M. de Vaudreuil au comte d'Artois
Venise, 15 septembre 1790
- n° 59

Mme de Polignac s'intéresse vivement à M. de Vallongue, administrateur des postes, et il le mérite, parce qu'il est dans les meilleurs principes. On ne conservera que quatre administrateurs des postes, qui sont à la nomination du Roi, et quoique M. de Vallongue pense bien que ces arrangements ne dureront pas longtemps, il désirerait être un des quatre conservés, afin de toujours tenir à cette administration. Mme de Polignac n'est pas à portée de lui être utile en écrivant elle-même ; mais elle désirerait que vous accordassiez votre protection à M. de Vallongue, sans parler du tout de l'intérêt qu'elle y prend.
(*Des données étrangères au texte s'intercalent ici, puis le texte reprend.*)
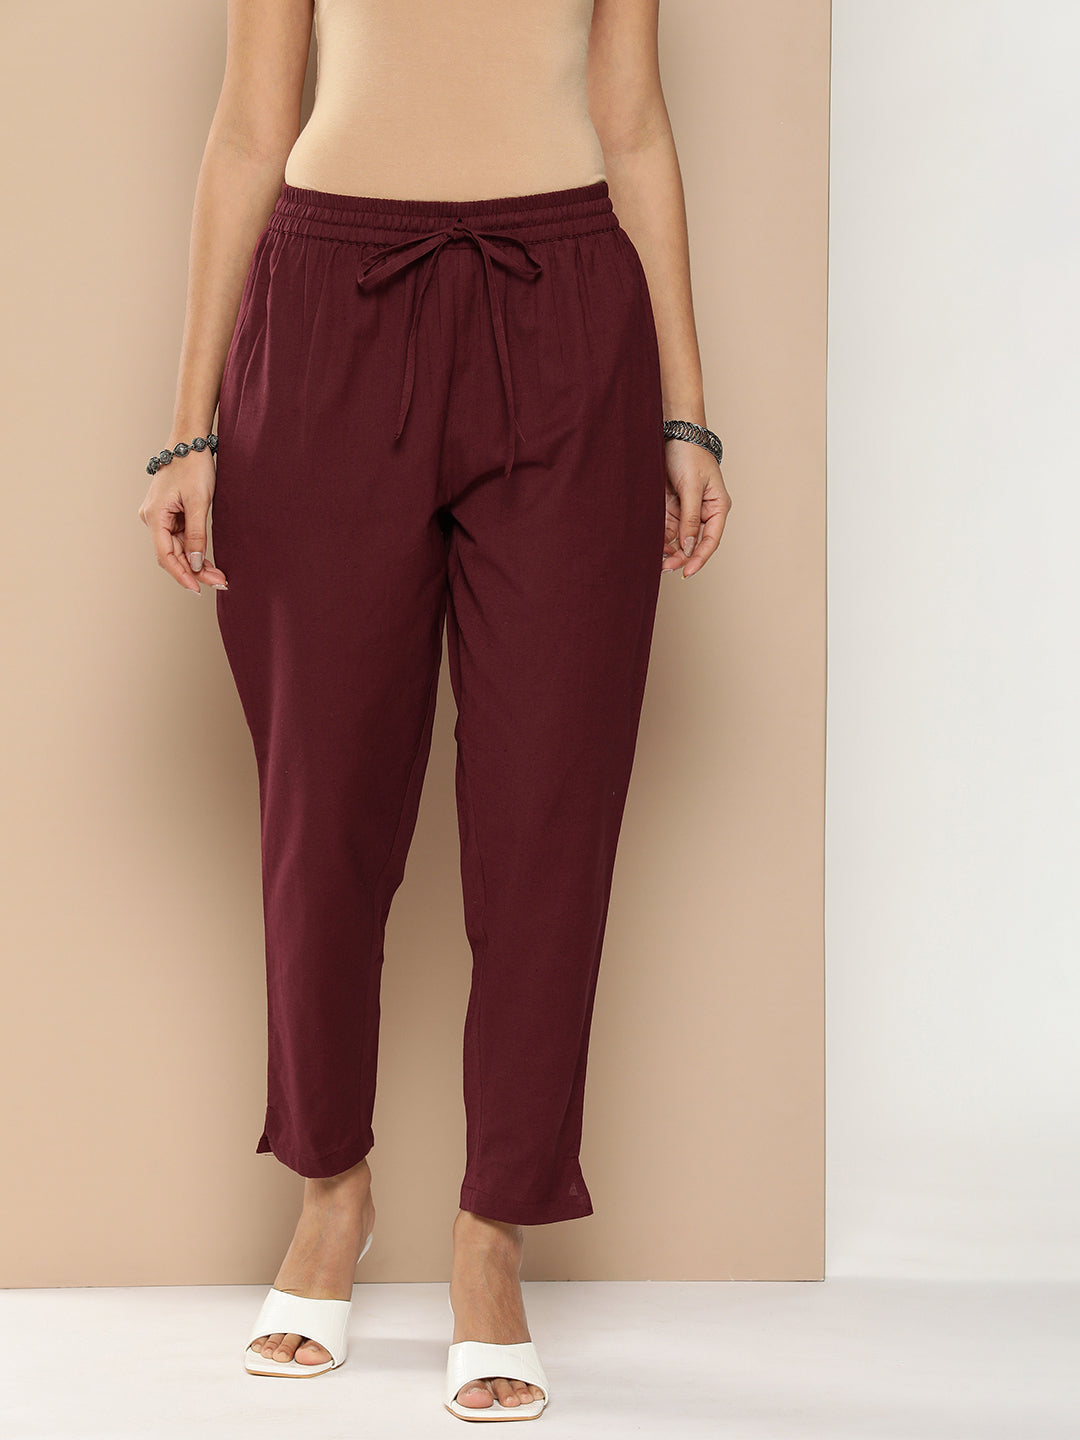 The High Rise Pencil Pant in Fluid Crepe - Curvy Fit

Ne pourriez-vous donc pas, Monseigneur, en écrire au Roi et à la Reine en votre nom, comme connaissant le mérite et la fidélité de M. de Vallongue ? C'est un homme extrêmement honnête et rempli d'esprit et de talents, dont vous pourriez même vous servir utilement. Vous ferez un extrême plaisir à Mme de Polignac, si vous pouvez obtenir qu'il soit conservé, mais sans parler d'elle.
Nous venons de recevoir une protestation du maréchal de Broglie, imprimée à Trèves, du 1er août, sur le décret qui prononce l'abolition de la noblesse héréditaire. Cette protestation est fort bien faite, et aura peut-être l'avantage de réveiller l'honneur engourdi de la noblesse française.
Le bruit se répand que M. de Bouilllé a été obligé de livrer un sanglant combat à Nancy et qu'il y eu douze ou quinze cents hommes tués à cette occasion. Cette expédition doit devenir importante d'une manière ou d'autre, et je crois toujours M. de Boulllé fidèle à l'honneur et au Roi. Il a en son pouvoir une belle occasion d'être utile, et jamais on n'a plus été le maître de se faire faire maréchal de France et de devenir une des premières causes de la contre-révolution. J'attends avec impatience des nouvelles de la suite de cette affaire. Tâchez d'en être bien exactement informé, car rien n'est plus important.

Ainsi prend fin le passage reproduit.